**DATA FOR PROCESSING**
================================

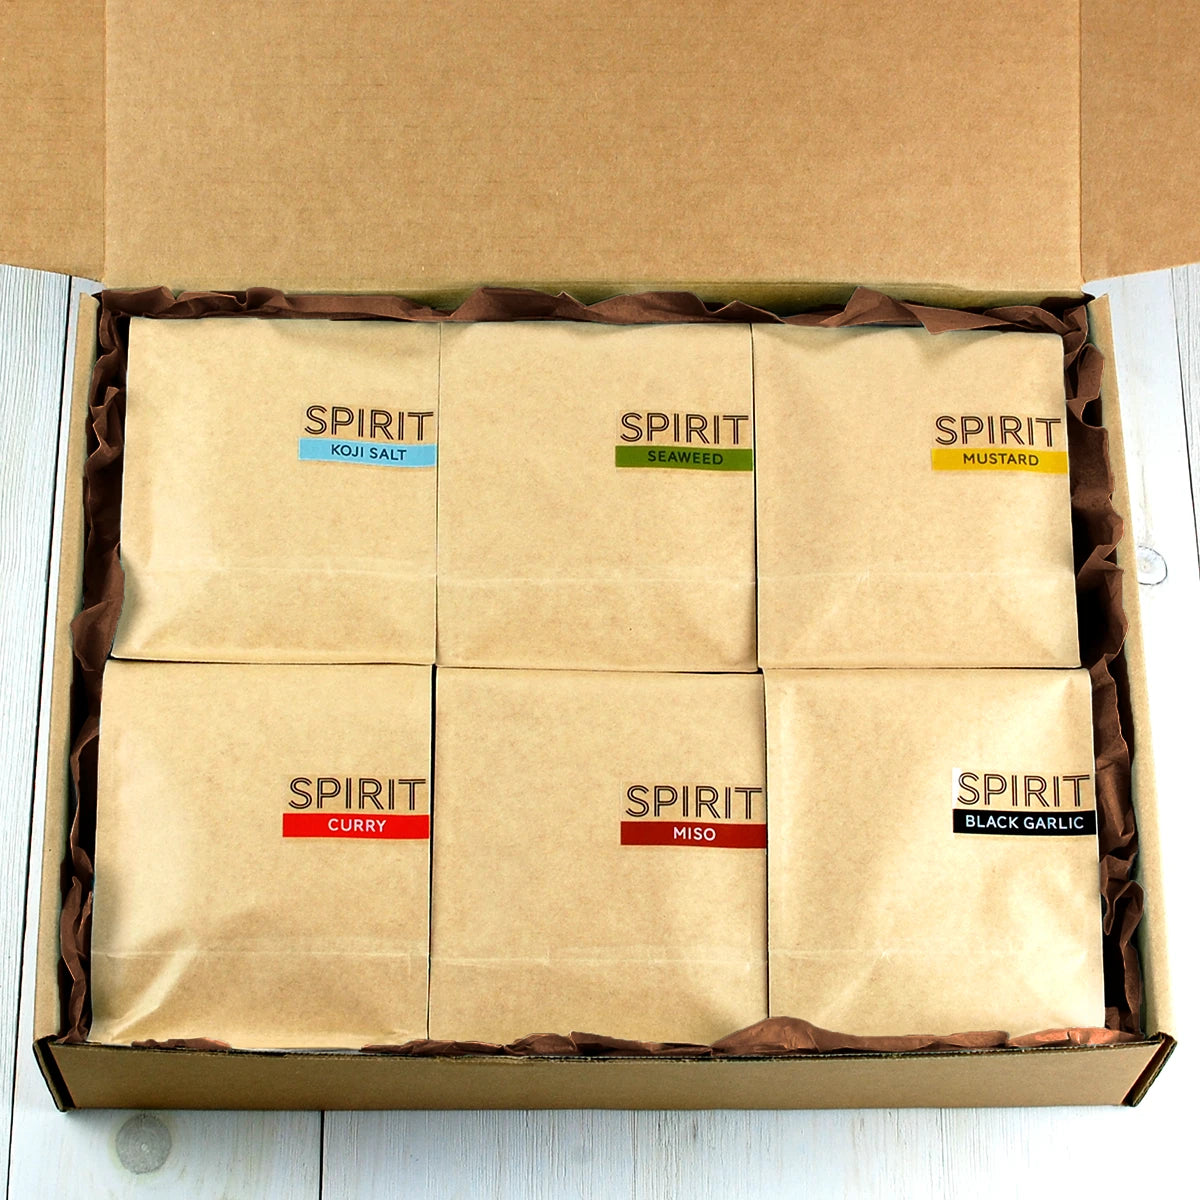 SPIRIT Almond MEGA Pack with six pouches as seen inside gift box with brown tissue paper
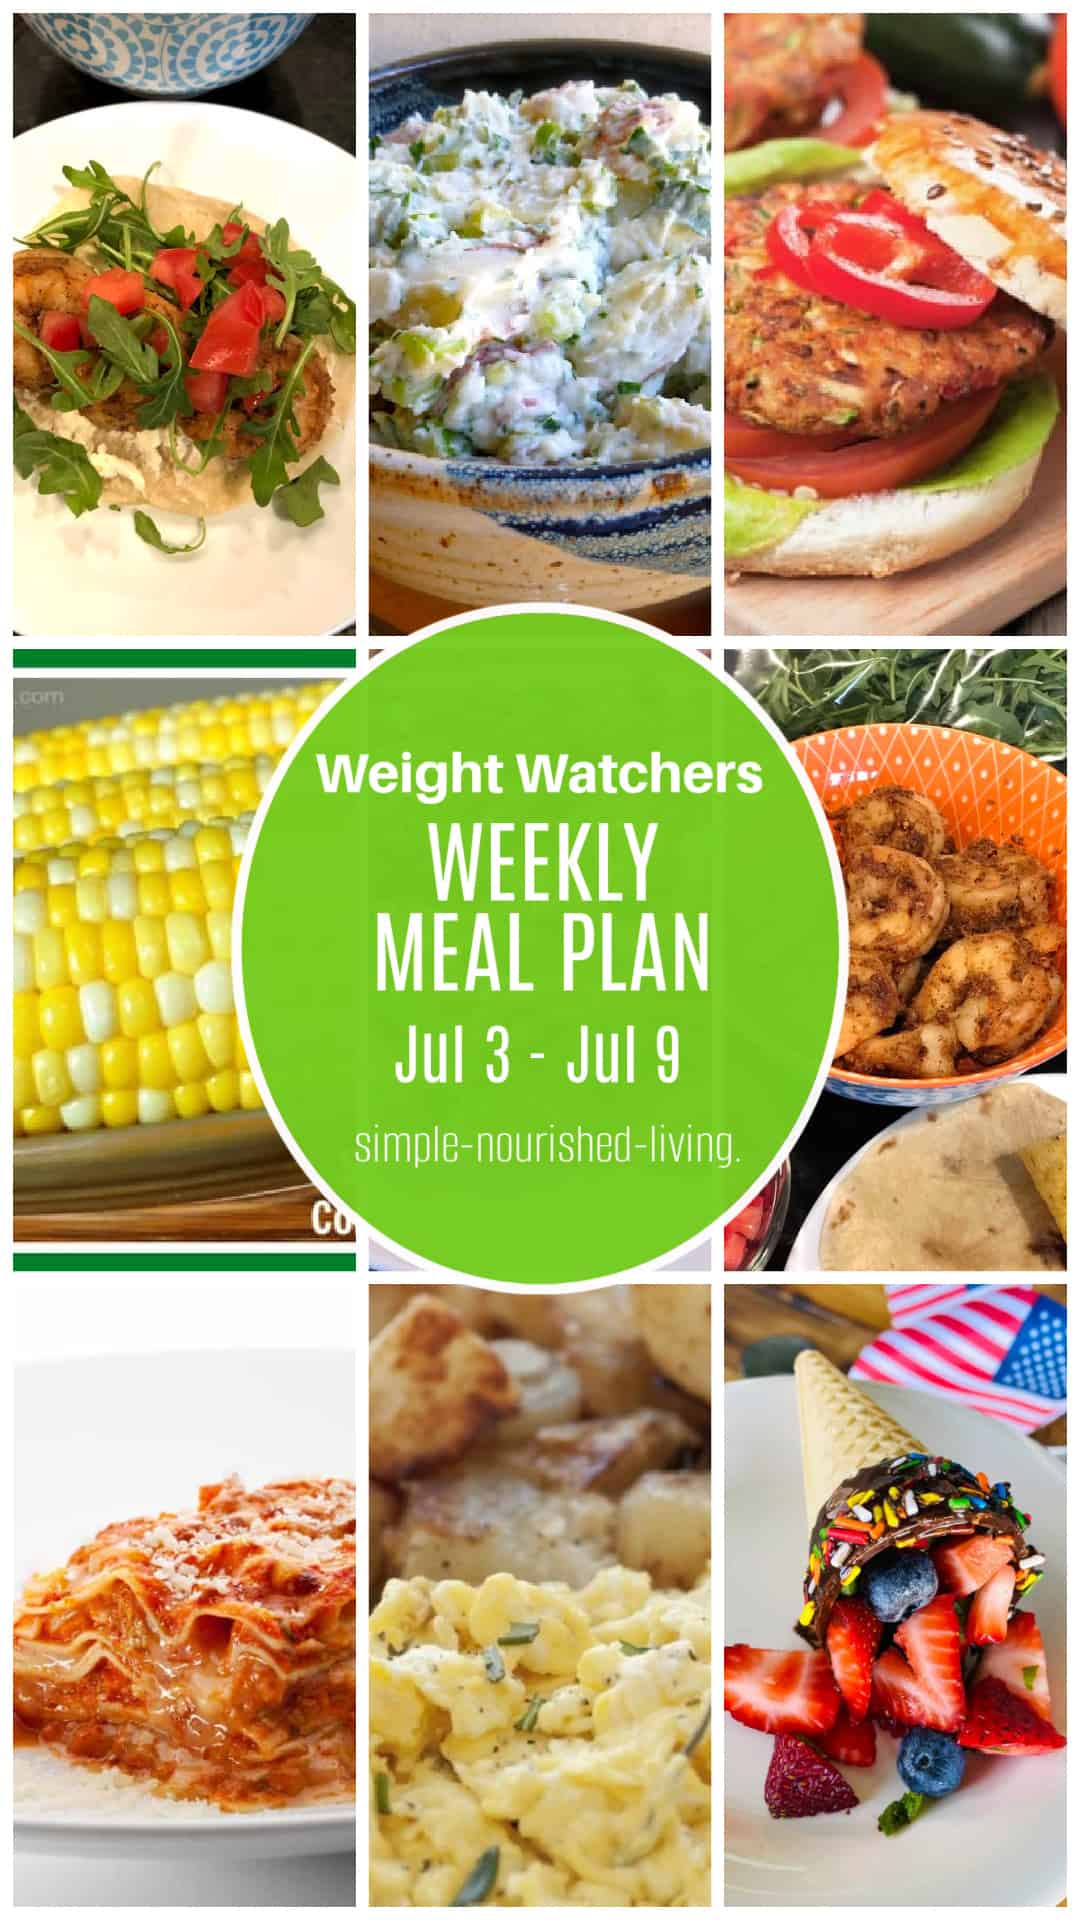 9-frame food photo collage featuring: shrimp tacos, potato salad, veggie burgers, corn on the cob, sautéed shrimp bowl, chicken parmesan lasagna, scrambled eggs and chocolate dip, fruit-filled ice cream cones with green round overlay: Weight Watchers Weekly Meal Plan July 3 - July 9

================================

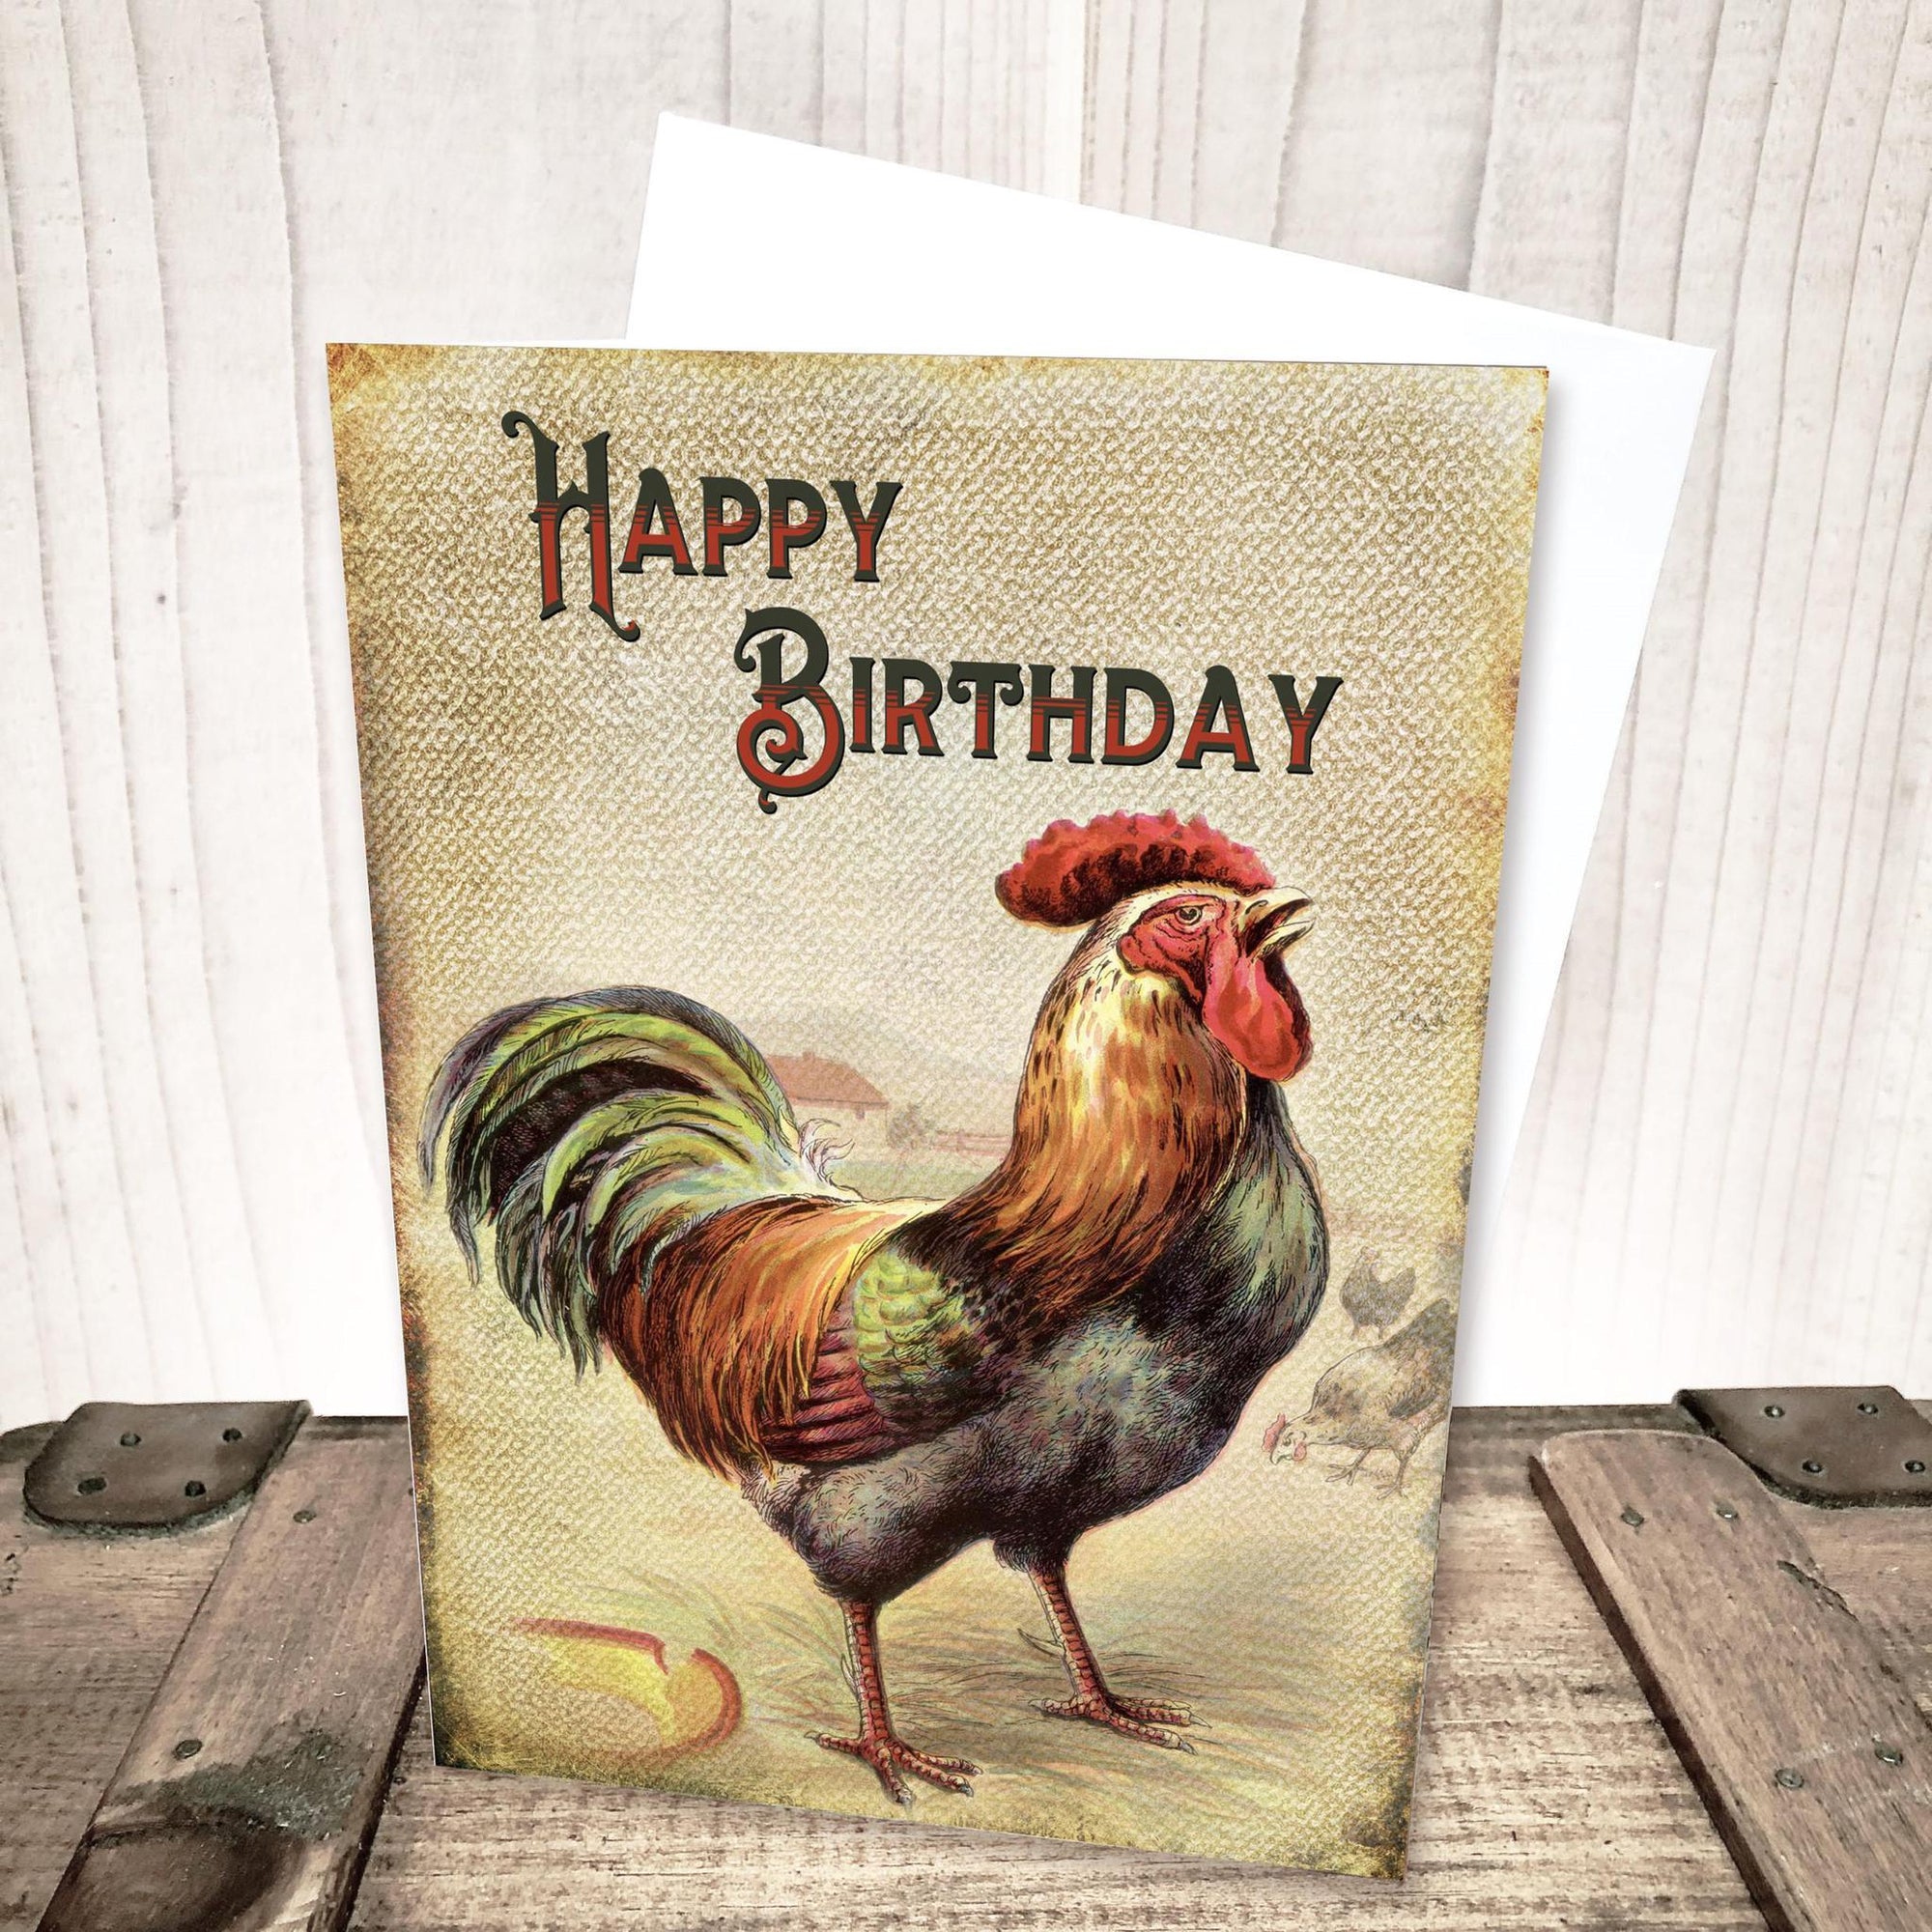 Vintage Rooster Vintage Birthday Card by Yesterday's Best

================================

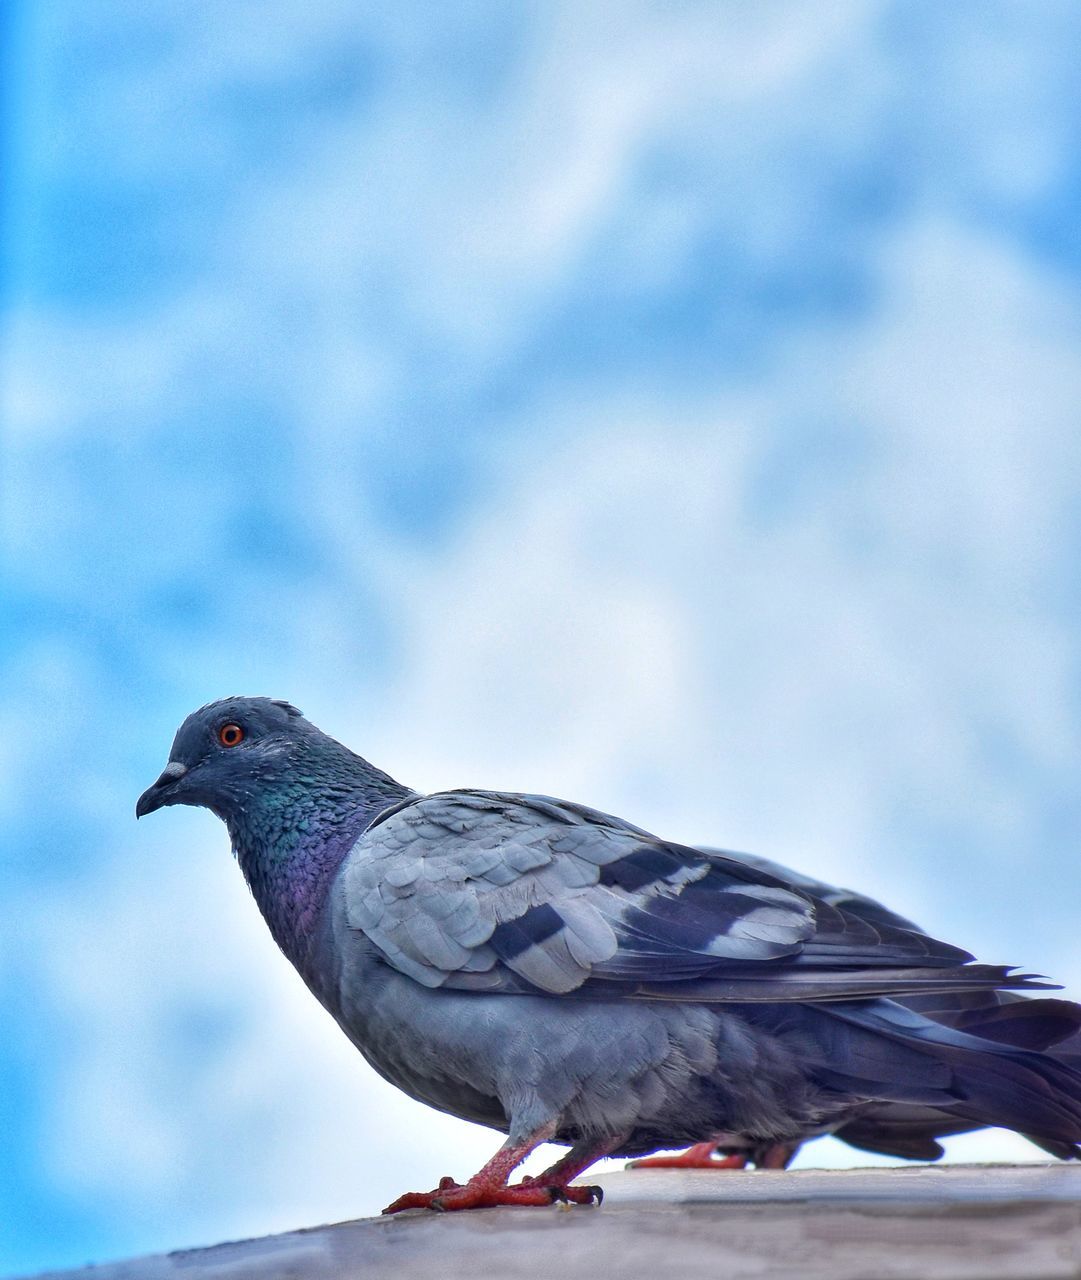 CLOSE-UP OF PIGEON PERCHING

================================

**EXERCISE DETAILS**
Your copy should hold the lines from the one with "SPIRIT Almond MEGA" up to and including the one with "9-frame food photo", exactly as in the data above, and no pictures.

**YOUR SOLUTION**
 SPIRIT Almond MEGA Pack with six pouches as seen inside gift box with brown tissue paper
 9-frame food photo collage featuring: shrimp tacos, potato salad, veggie burgers, corn on the cob, sautéed shrimp bowl, chicken parmesan lasagna, scrambled eggs and chocolate dip, fruit-filled ice cream cones with green round overlay: Weight Watchers Weekly Meal Plan July 3 - July 9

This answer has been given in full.